Капкан для белой вороны | страница 4
– Не знаю, Настюх. Мужик, который труп обнаружил, да ты, может, видела его, малахольный такой дядечка, зимой и летом одним цветом, в синем плаще ходит, он сейчас как раз показания дает.
Аннушка, облокотившись о покореженные перила, так и сыпала на меня подробностями. Каждое ее слово гулко отдавалось в высоких перекрытиях лестничного пролета.
– Странно как… – я вдруг вспомнила, что вчера вечером неясная тревога просочилась в квартиру. Ночью приснился странный, не столько страшный, сколько грустный сон – я уходила по извилистой тропинке в туманную бесконечную даль и плакала – я точно знала, что у приснившейся мне дороги нет конца, и осознавать это было очень грустно. Сегодня, занимаясь обычными делами, я почти забыла про ночное приключение. А сейчас картинка снова встала перед глазами с отчетливой ясностью.
– Ты понимаешь, – торопливая Аннушкина болтовня вернула меня к действительности, – у ее соседей полночи собака выла, никак успокоить не могли. Должно быть, чувствовала, животные они всегда покойников чуют.
– А сами соседи?
– Да что они? Спали… Кто-то вроде видел, как третьего дня приезжала к ней баба на желтой машине. Но толком не разглядели. К Ирке постоянно ездили. Один ее хахаль на сером джипе, второй на Мерседесе на черном. Бывало, еще подружка прикатит, у той Пежо, маленькая такая, синяя. А на желтой, так чтобы из постоянных, никто не ездил. И ведь ты понимаешь, Насть, ну ладно бы просто убили, ну там ограбили или надругались, а то ведь нет, и сама целехонькая, и колечки в ушах с бриллиантами, перстенек с сапфиром, цепочка платиновая с крестиком. Конечно, Ирка – баба не совсем нормальная, от нее всего можно ожидать. Жила непонятно и умерла черт те как.

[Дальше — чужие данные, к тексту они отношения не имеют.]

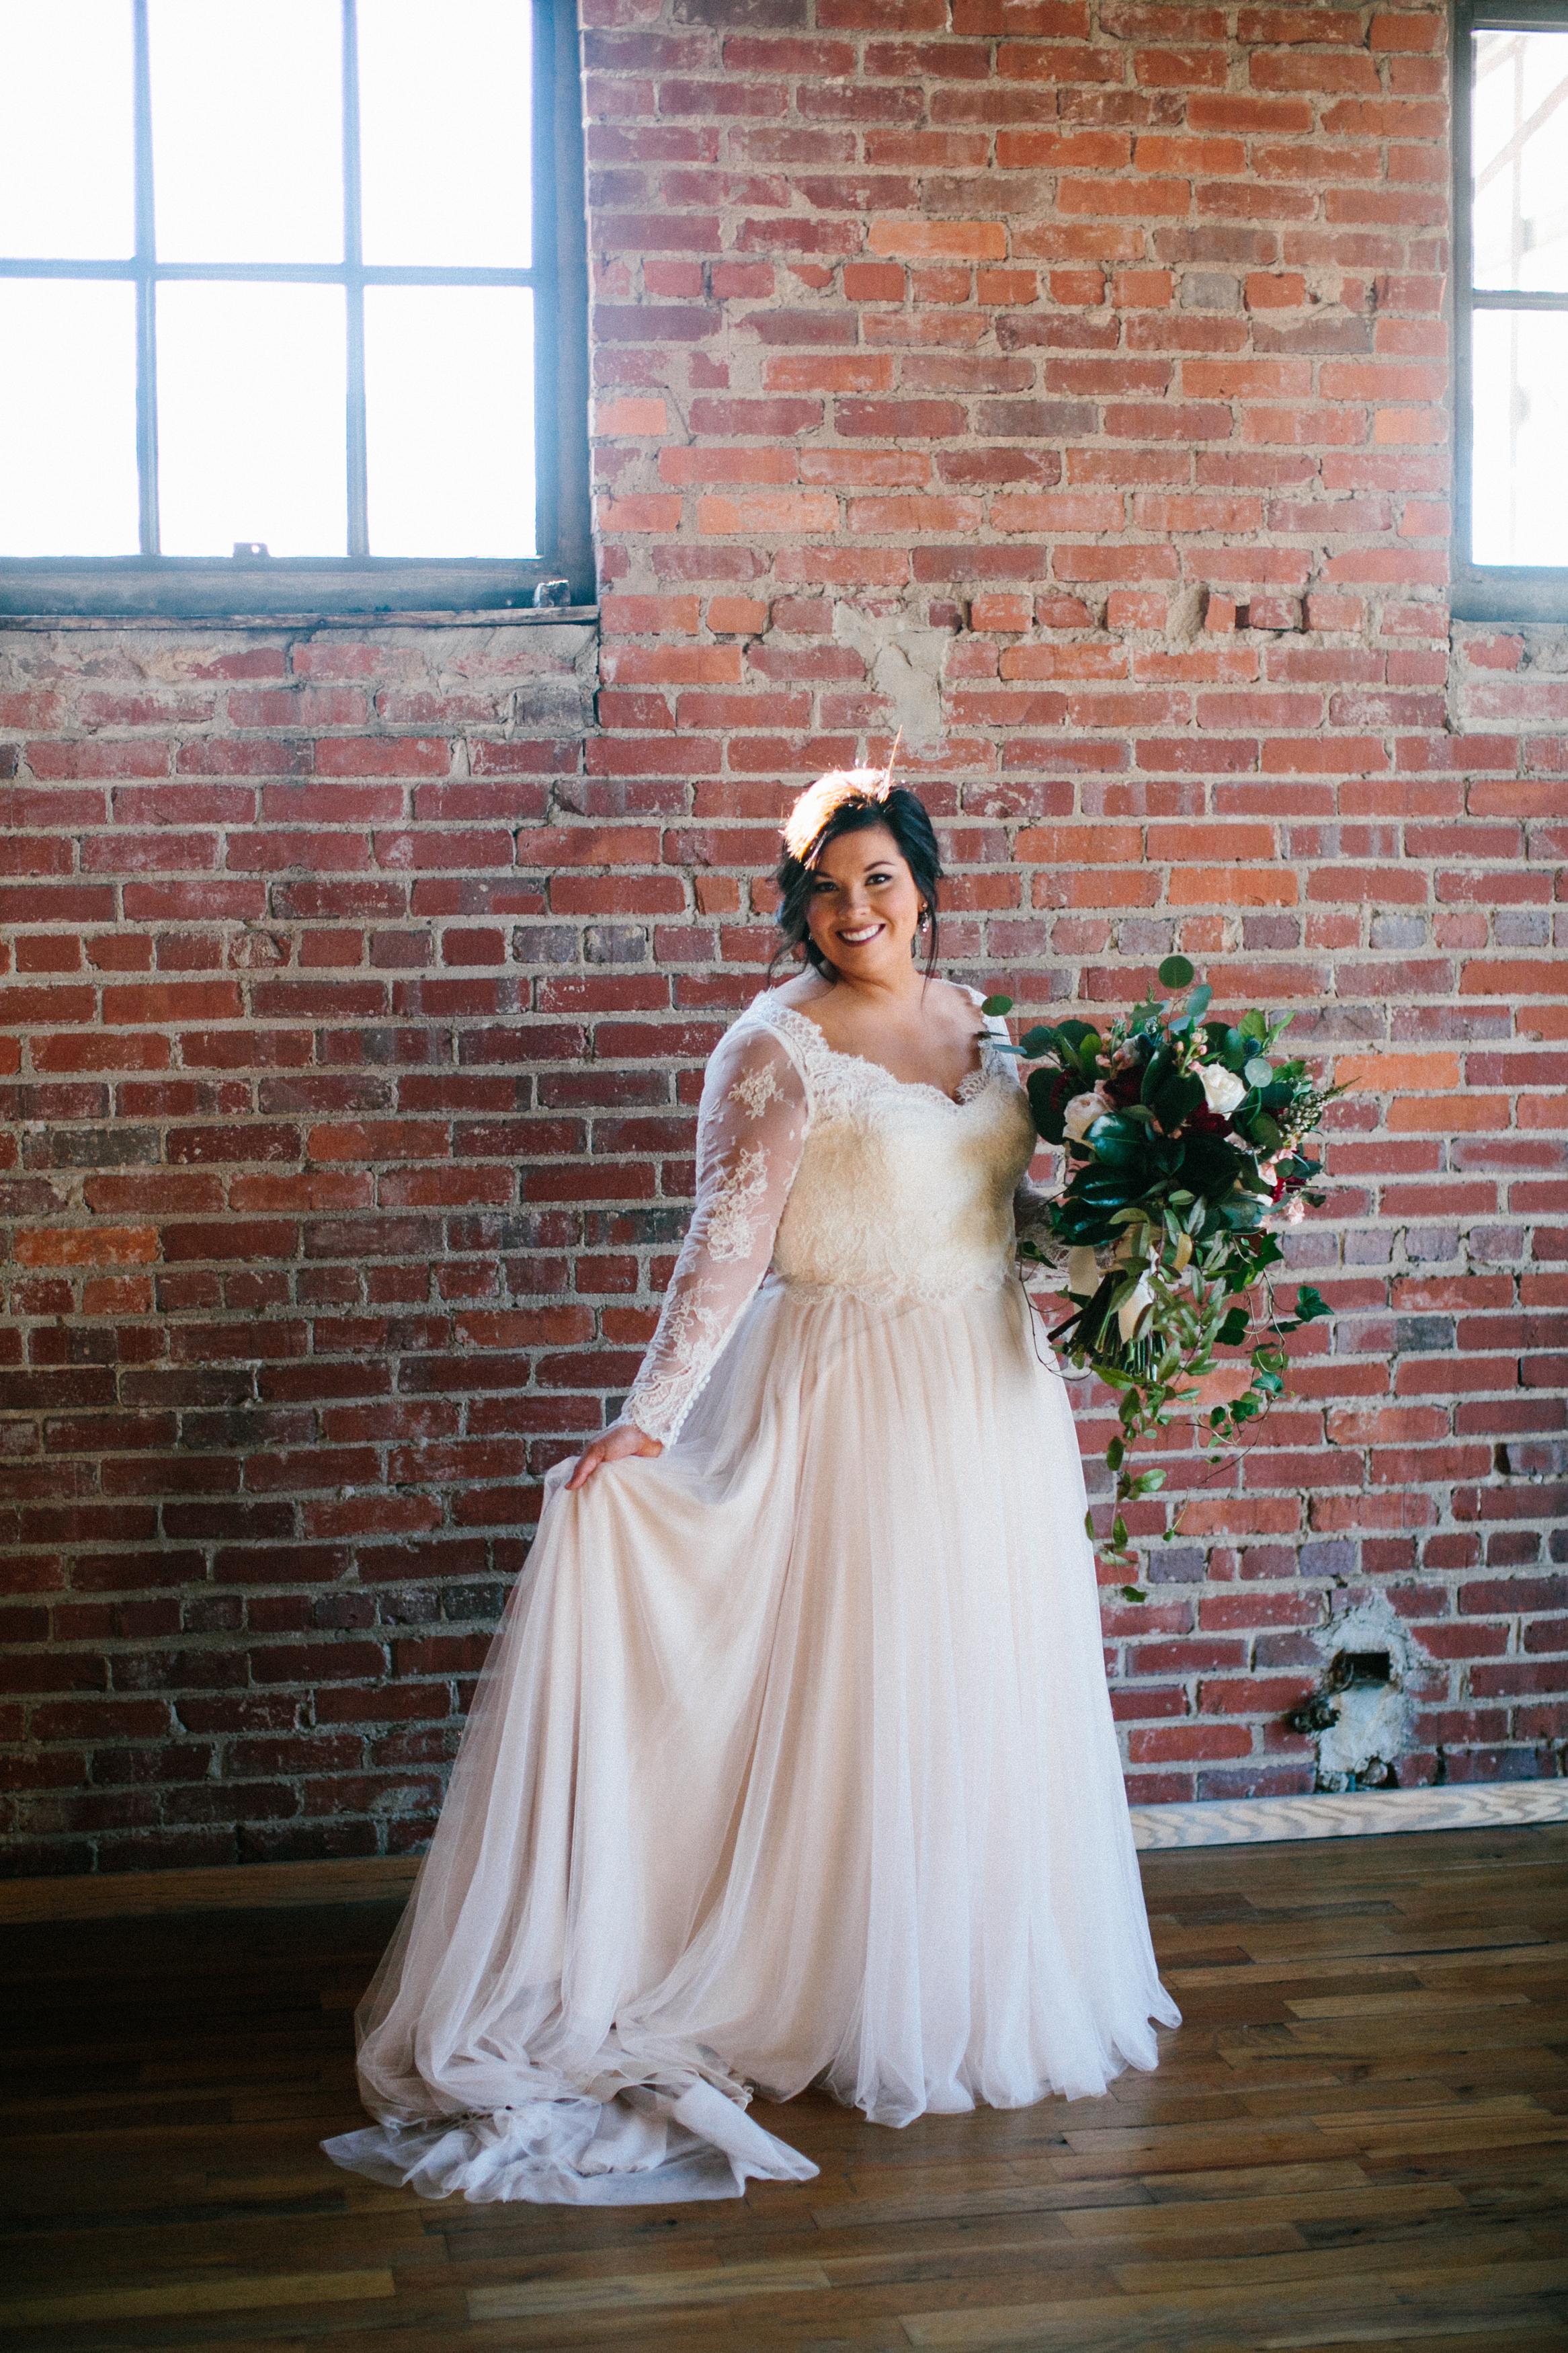 Lauren_Jeremy_Standard_Wedding_Knoxville_Abigail_Malone_Photography_FIlm-132.jpg

– Ох, Анюта, умирать что так, что эдак…
– Не скажи, – Аннушка на мгновение задумалась, – помереть тоже по-людски хочется.
– А с чего ты взяла, что она ненормальная? Выглядела всегда очень даже…
– Ой, да я про другое. Выглядела… Ну скажешь тоже, мало ли кто как выглядит. Разве в этом дело? – Аннушка посмотрела на меня, как на неразумное дитя, – глаз у нее дурной был. Неужели сама не видела? Она на меня как зыркнет, бывало, так я болею потом неделю.
– Так ты бы ей фигу показала, от сглаза хорошо помогает.
– Не знаю, от чего там фига помогает, – обиделась Аннушка на мое несерьезное и теперь уже явно запоздалое предложение, – но история мрачная.
– Мрачная.
– У нее не только глаз, у нее вся голова была дурная, – все никак не могла успокоиться Анюта, – она же, Ира то эта, прости господи, уж с такими была причудами. Мало нам этих ее песен было, она еще и ворону завела. Соседи жаловались, орала эта ворона, как резаная, жрать там или еще по какой надобности, начинала верещать дурниной просто.